▸ **Exercise requirements**
Write out each line of the material exactly as given, and drop the images.

▸ **The data**
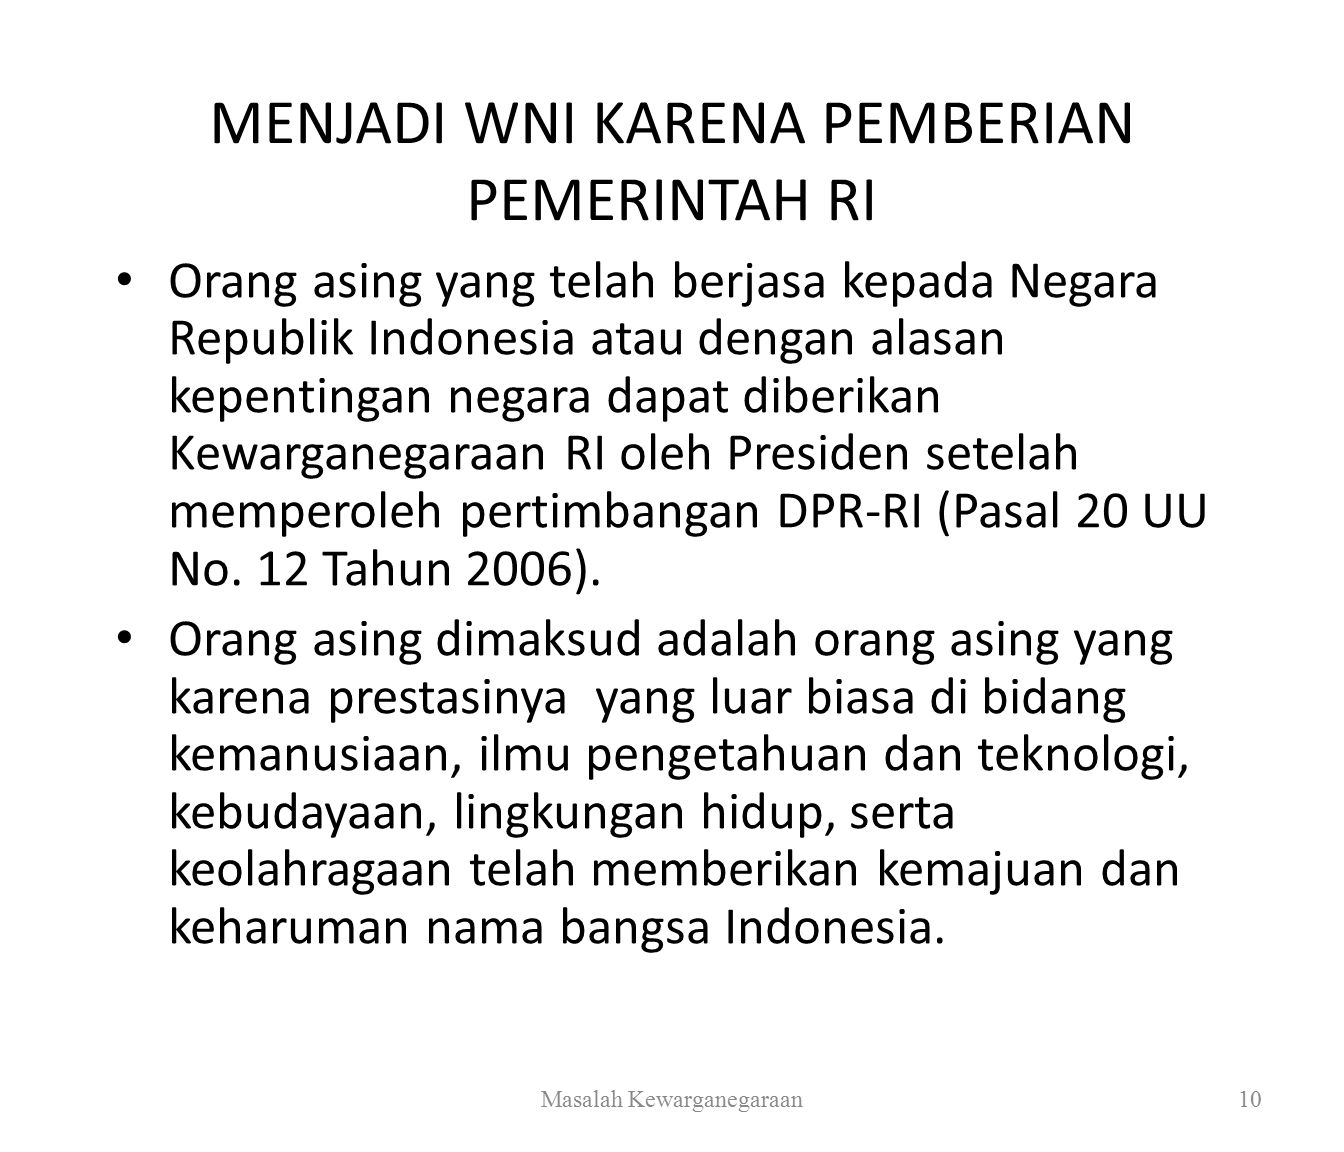 MENJADI WNI KARENA PEMBERIAN PEMERINTAH RI Orang asing yang telah berjasa kepada Negara Republik Indonesia atau dengan alasan kepentingan negara dapat diberikan Kewarganegaraan RI oleh Presiden setelah memperoleh pertimbangan DPR-RI (Pasal 20 UU No.
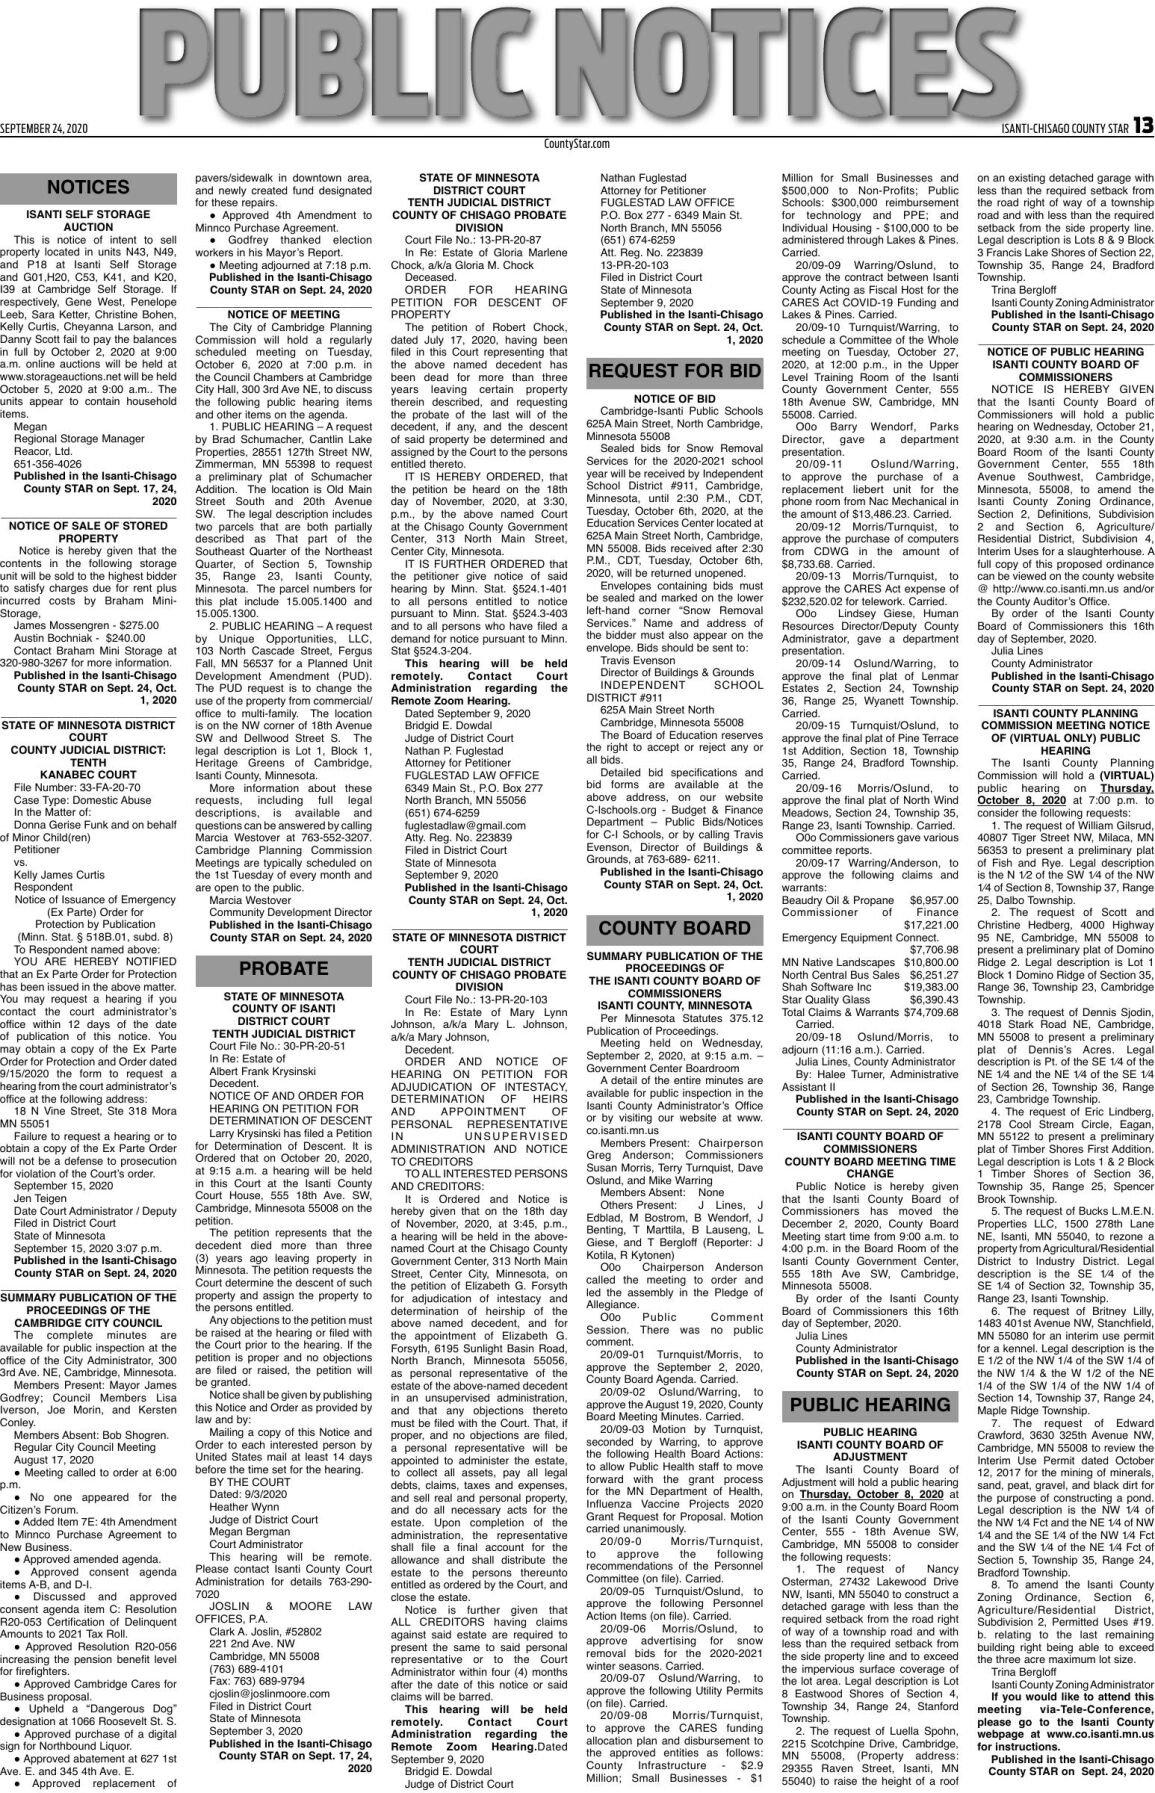 Public Notices - September 24, 2020
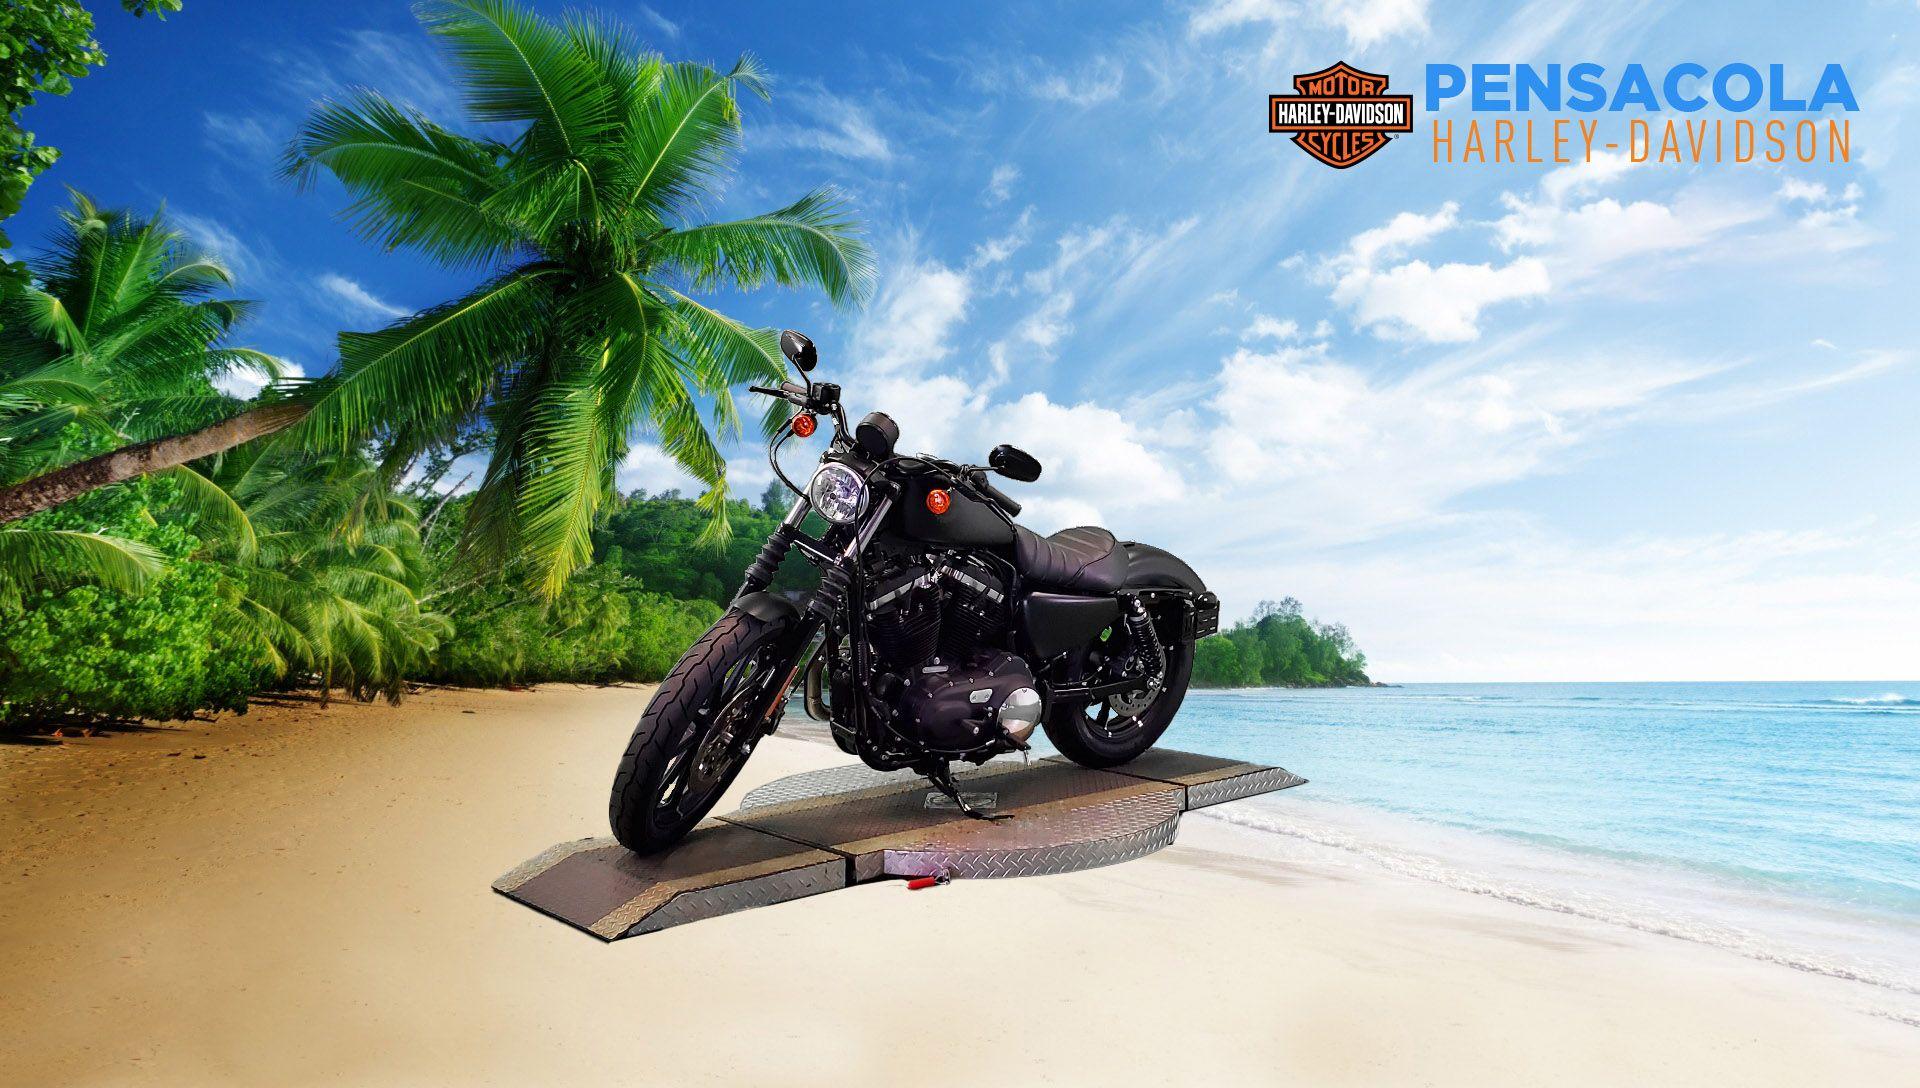 New 2021 Harley-Davidson Iron 883 XL883N

▸ **Written reply**
 MENJADI WNI KARENA PEMBERIAN PEMERINTAH RI Orang asing yang telah berjasa kepada Negara Republik Indonesia atau dengan alasan kepentingan negara dapat diberikan Kewarganegaraan RI oleh Presiden setelah memperoleh pertimbangan DPR-RI (Pasal 20 UU No.
 Public Notices - September 24, 2020
 New 2021 Harley-Davidson Iron 883 XL883N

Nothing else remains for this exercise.